Edit the file /etc/chrony.conf and add the proper IP addresses or names of those NTP servers.
server <NTP_SERVER_1> iburst
server <NTP_SERVER_2> iburst
Restart chrony daemon: systemctl restart chronyd
Verify the clock is in sync with: chronyc tracking
The Content Gateway configuration comes next.
To proceed with the Content Gateway configuration:
Edit /etc/caringo/cloudgateway/gateway.cfg
adminDomain = admin.<CLUSTER_NAME>
hosts = <SWARM_NODE1_IP> < SWARM_NODE2_IP > <SWARM_NODE3_IP> < SWARM_NODE4_IP>
indexerHosts = <ES_BACKEND_IP>
managementPassword = <CLUSTER_MGMT_PASSWORD>
For more information, see Content Metering and Setting Quotas
[metering]
enabled = true
[quota]
enabled = true
Finally, run:
/opt/caringo/cloudgateway/bin/initgateway
systemctl enable cloudgateway
systemctl start cloudgateway
systemctl restart haproxy
systemctl status cloudgateway
With these steps completed, Content Gateway should be up and running.
As the final step, let’s configure the desired default protection scheme and connect Swarm to Elasticsearch.
Open a web browser and go to: http://<GW_FRONTEND_IP>:9091/_admin/storage.
Click Storage Management.
Click Cluster and then on Feeds.
On the top right corner, click +Add and select Search Metadata feed.
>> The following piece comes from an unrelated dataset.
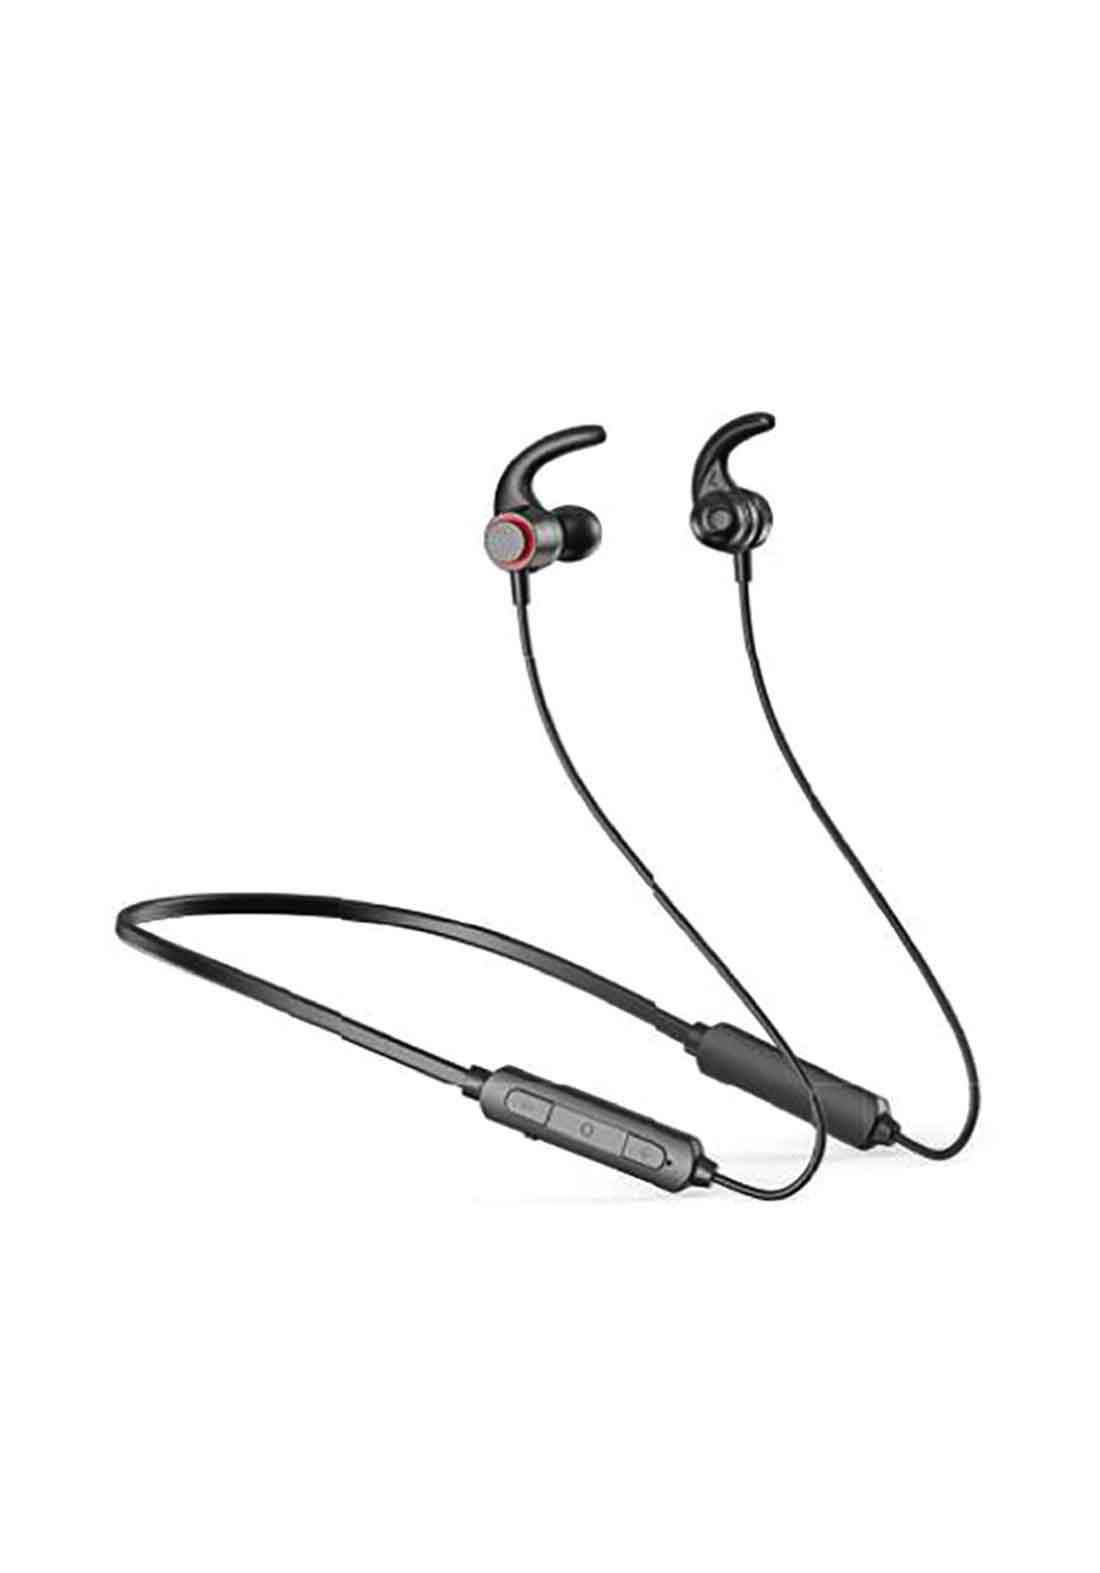 Havit E514BT Neckband Bluetooth Earphone - Black سماعة
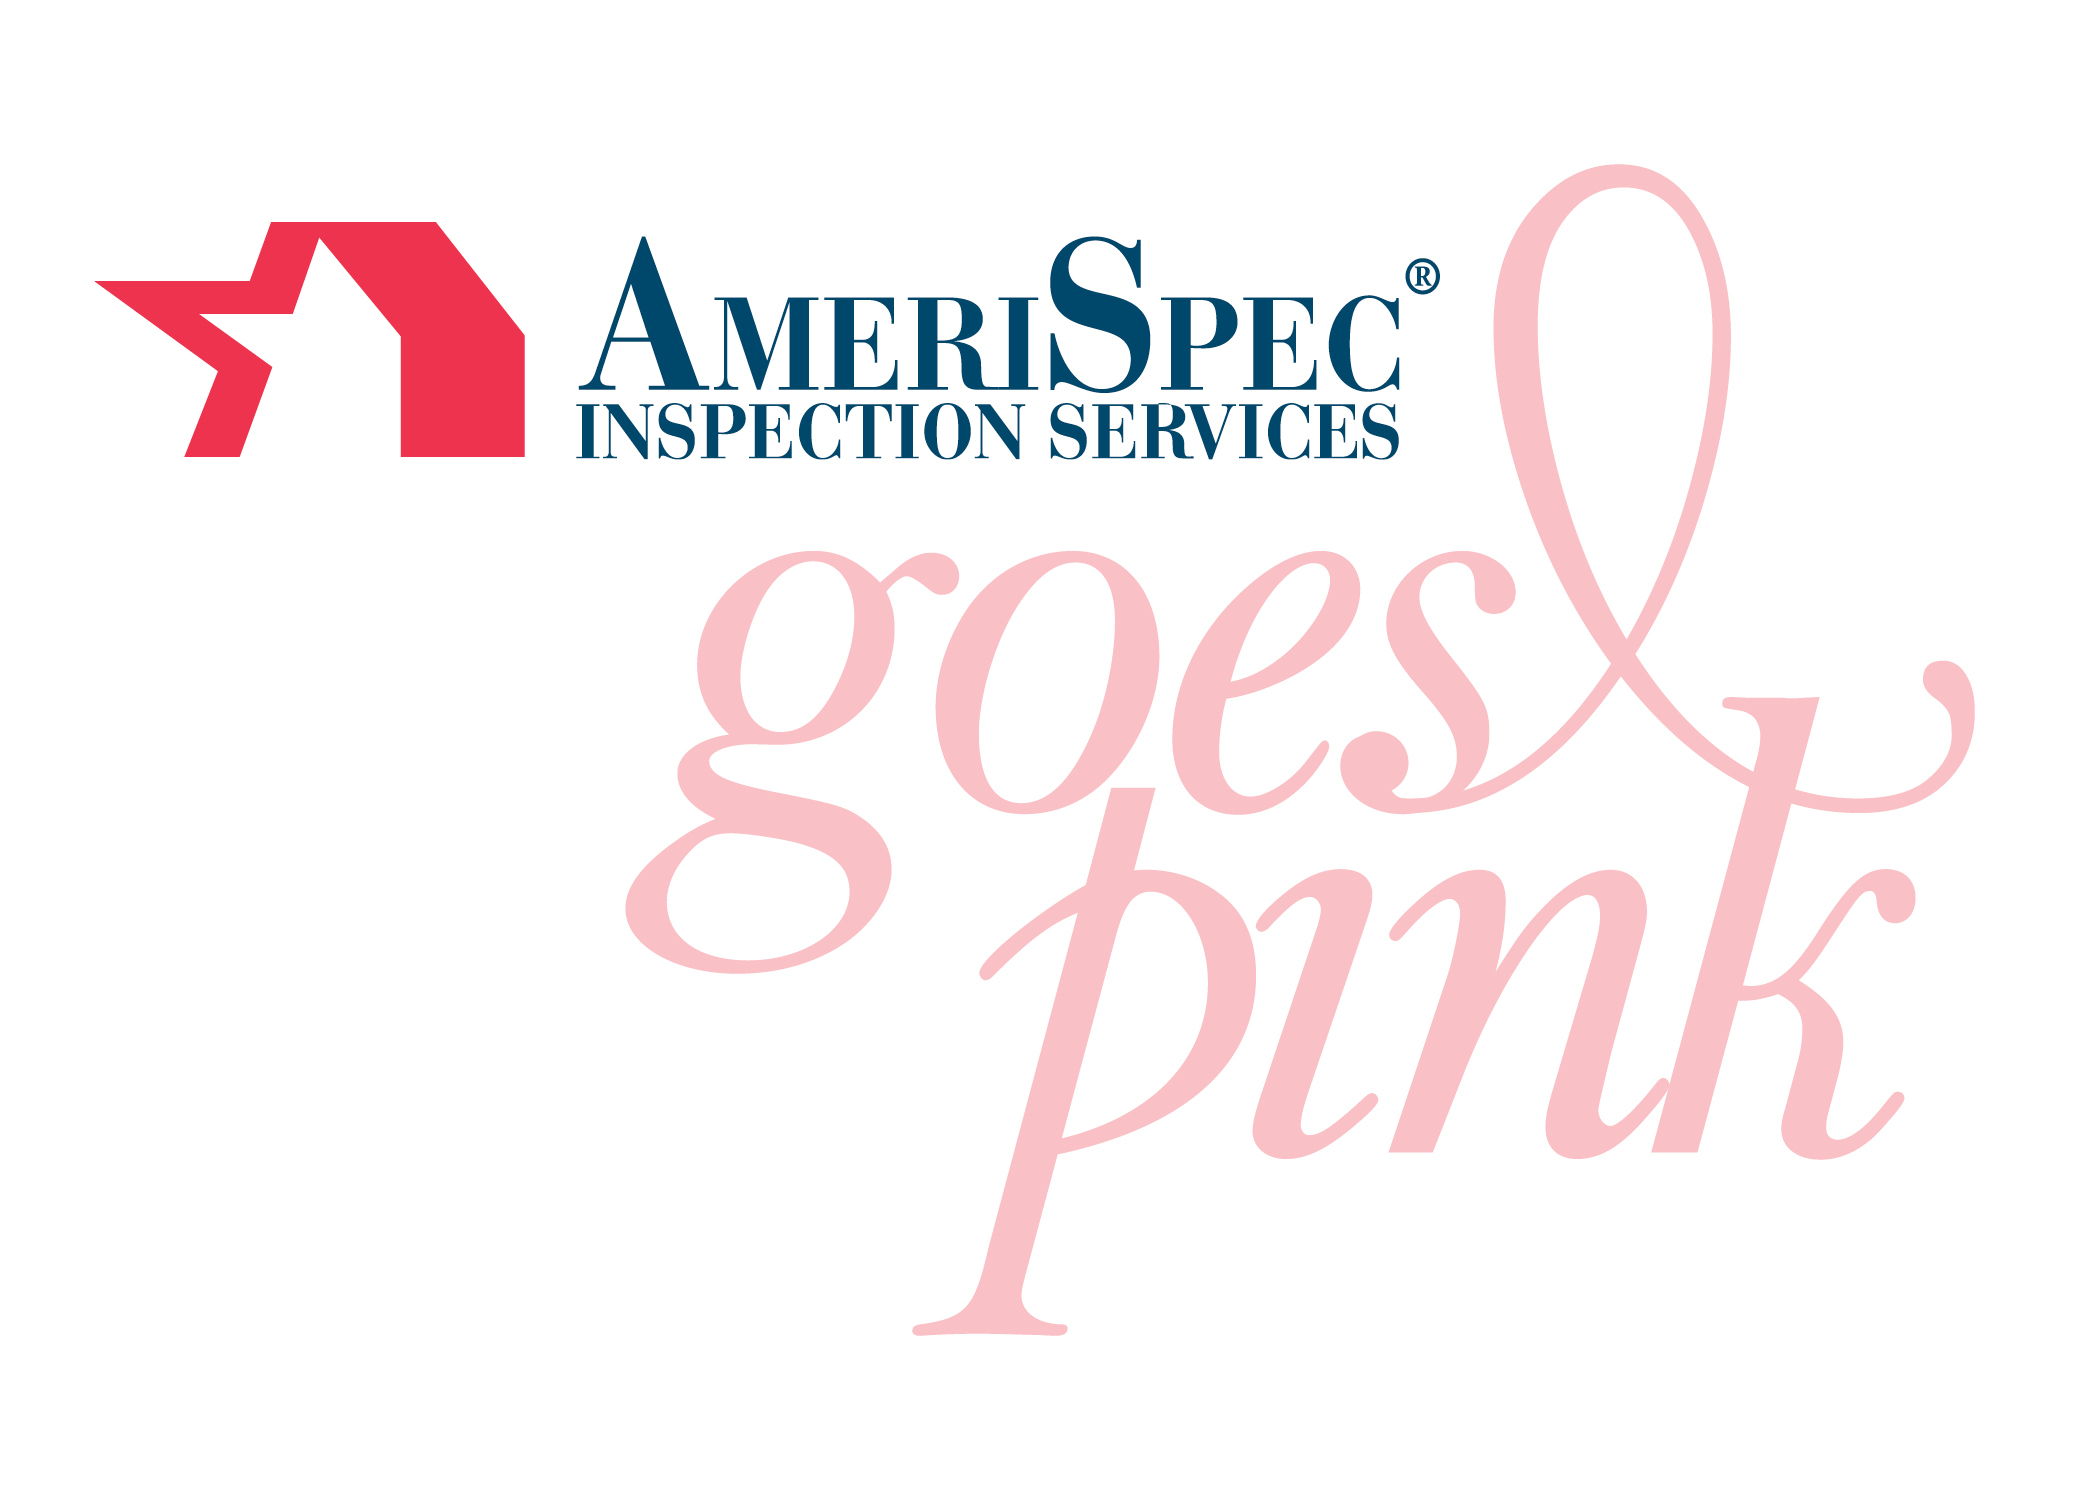 AmeriSpec Inspection Services image 2

On server host(s) or IP(s), type all the IP addresses of all the Elasticsearch VMs that are up and running separated by a blank space. <ES_BACKEND_IP>
Click Save. Now the Swarm nodes are connected to Elasticsearch, every time a new object/file gets uploaded to the cluster, its metadata will be also copied to Elasticsearch for search and listing purposes.
To finalize the setup, the default protection scheme should be set. Also, features like lifecycle policies and versioning can be enabled, if desired.
For more information about these features, see Object Versioning and Bucket Lifecycle Policy.
Versioning is required to enable “S3 object locking” (immutability).
For more information, see SCSP Object Locking.
Click Settings and select Cluster.
In the “Policy” section, change the protection scheme as desired, for example with 4 Swarm storage nodes:
policy.eCEncoding 4:2
policy.eCMinStreamSize 1Mb
policy.lifecycle enabled
policy.replicas min:3 max:16 default:3
policy.versioning allowed
Click Save on the top right corner.
Finally, test uploads and downloads using the provided Content Portal.
Open a web browser and go to: http://<GW_FRONTEND_IP>/_admin/portal
Click System Tenant on the upper right corner and click +Add.
To create a bucket:
Click the domain that you just created.
Click +Add this time selecting “Bucket”. Provide a name such as “bucket1” or “test1”.
Click the bucket you just created and click +Add or drop files.
Look for some files of various sizes on the client machine used, from KBs to MBs and upload them.
Click the bucket name at the top.
Swarm utilizes FQDNs to identify which storage domain (endpoint) the client is connecting to. Hence, create DNS entries according to the Storage Domains used in the environment.
At this point Swarm is up and running and its basic functionality has been verified.
Create an S3 Key Pair (Optional)
To access the storage layer using the S3 protocol, a S3 key pair must be created.
It is comprised by the S3 access key and the S3 secret key.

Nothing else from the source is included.